__PROBLEM TO WORK ON__. Please transcribe the listing below in full and word for word, without its pictures.

__INFORMATION SHOWN__.
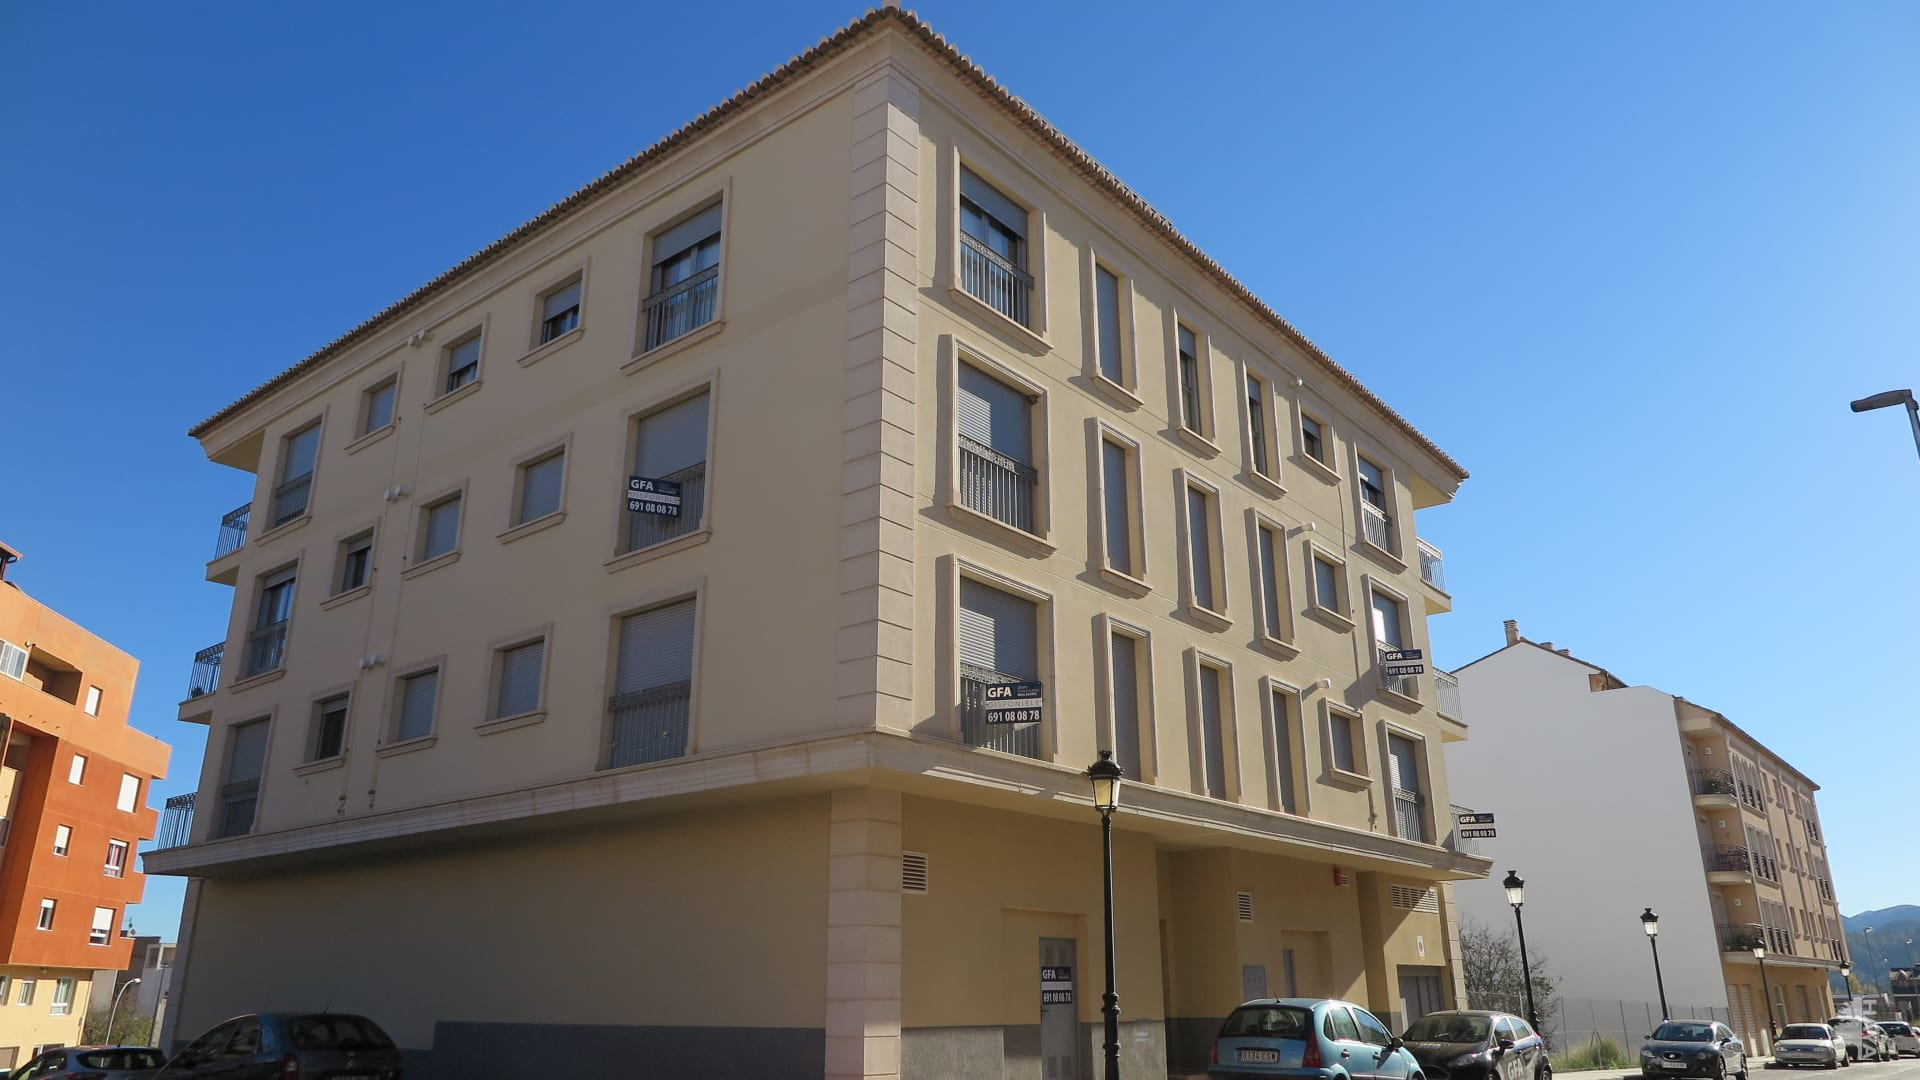 Local en venta en Peñalba, Segorbe, Castellón, Calle Matet, 67.000 €, 121 m2
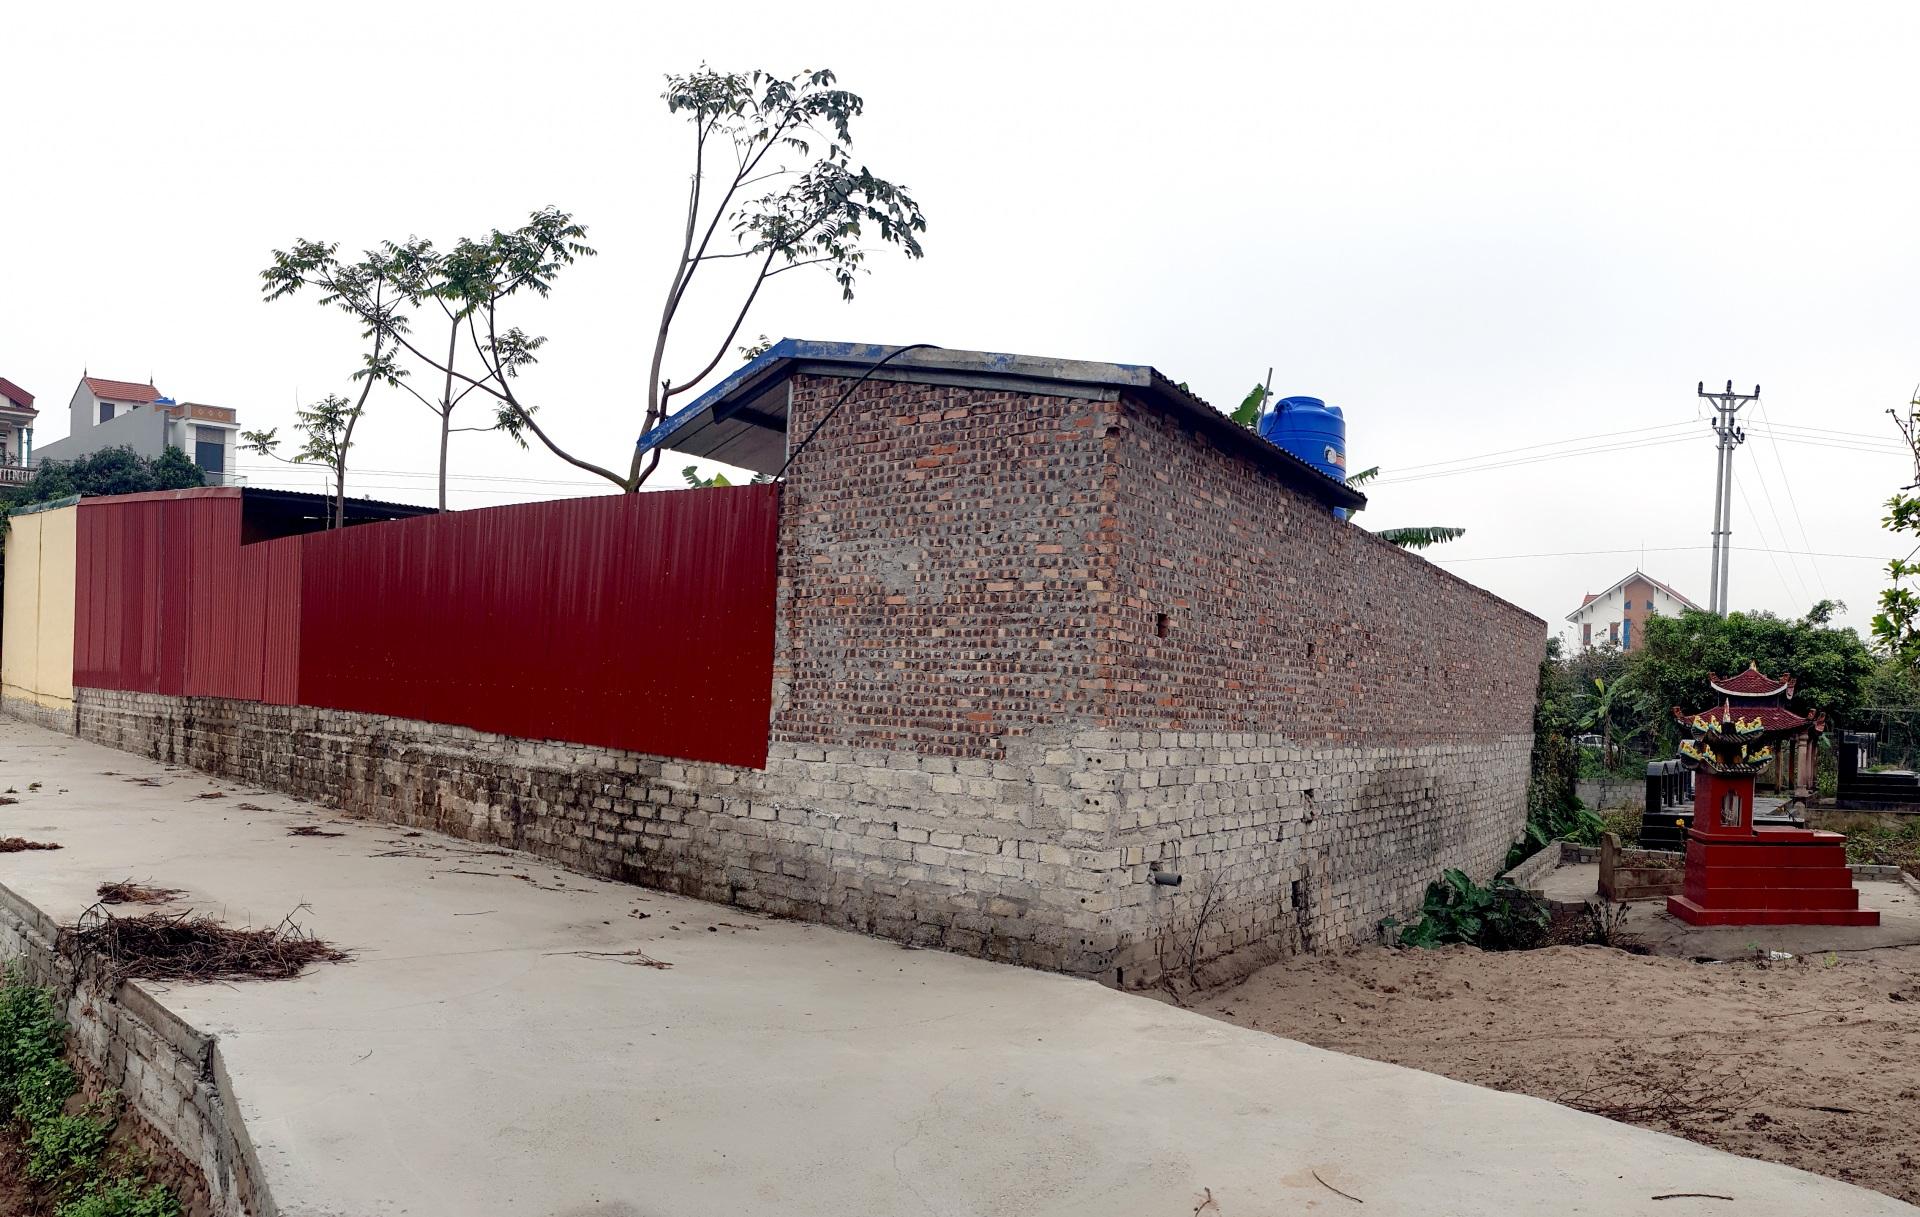 Yên Mỹ - Hưng Yên Cần rà soát lại các công trình xây dựng tại thôn Lãng Cầu
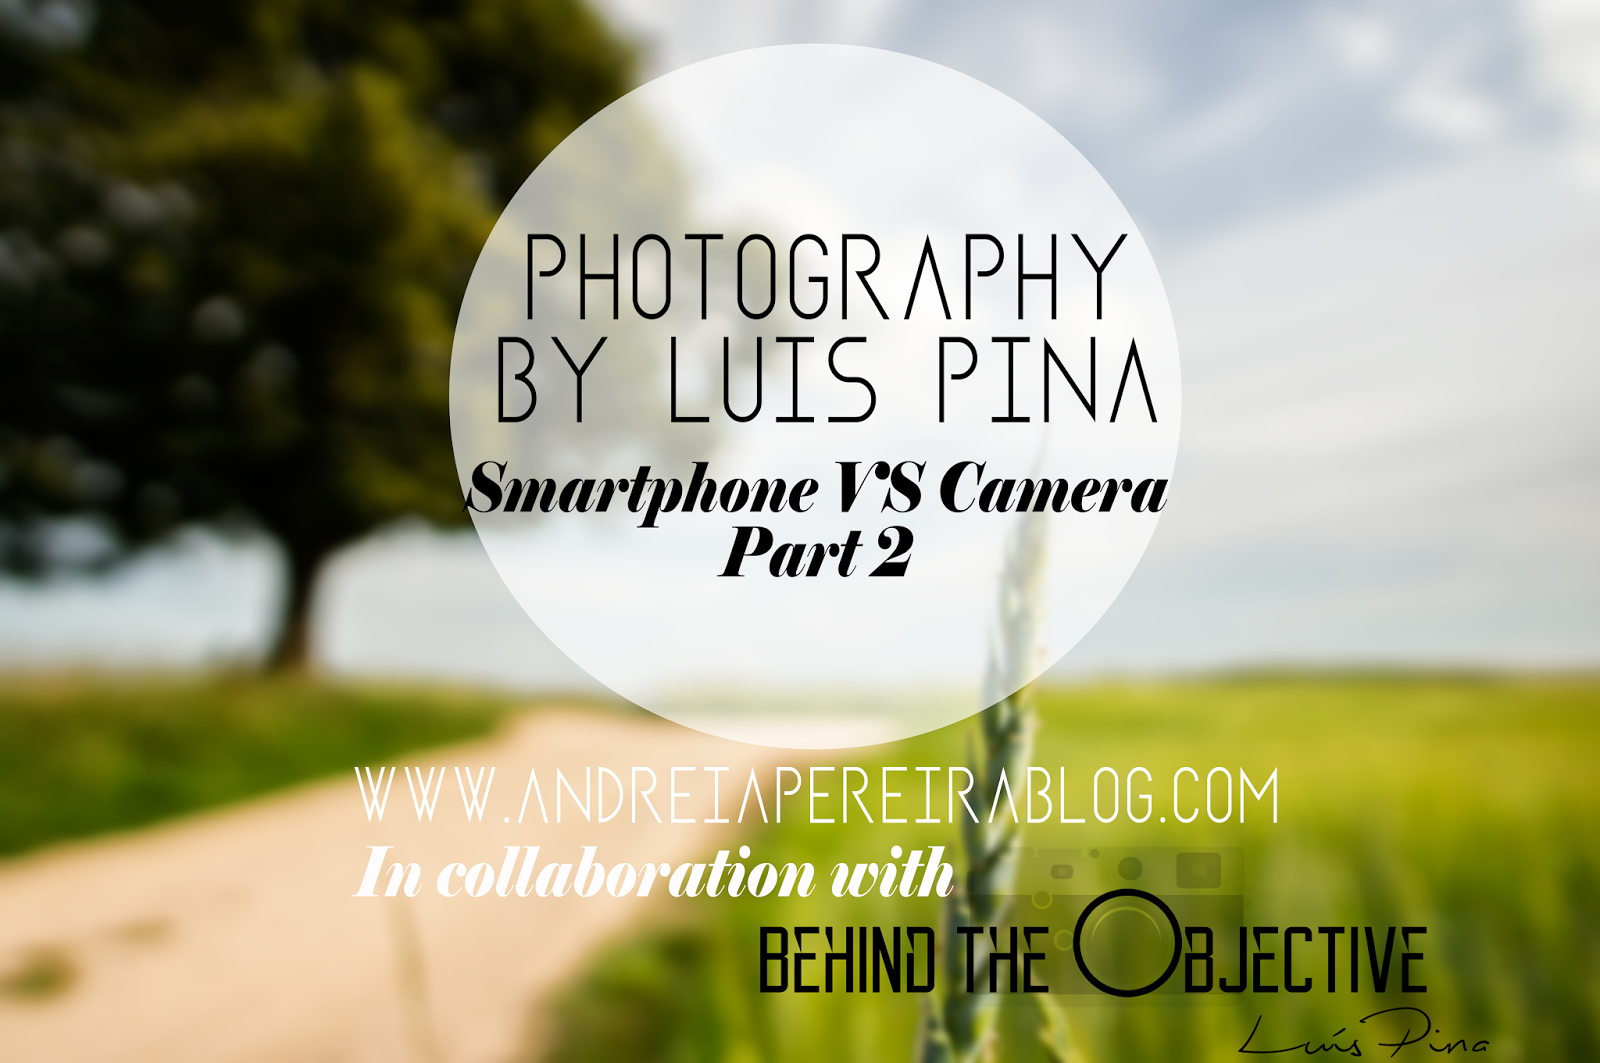 Photography by Luís Pina | Smartphone vs Camera Part 2 | Andreia Pereira Blog

__ANSWER BOX__.
 Local en venta en Peñalba, Segorbe, Castellón, Calle Matet, 67.000 €, 121 m2
 Yên Mỹ - Hưng Yên Cần rà soát lại các công trình xây dựng tại thôn Lãng Cầu
 Photography by Luís Pina | Smartphone vs Camera Part 2 | Andreia Pereira Blog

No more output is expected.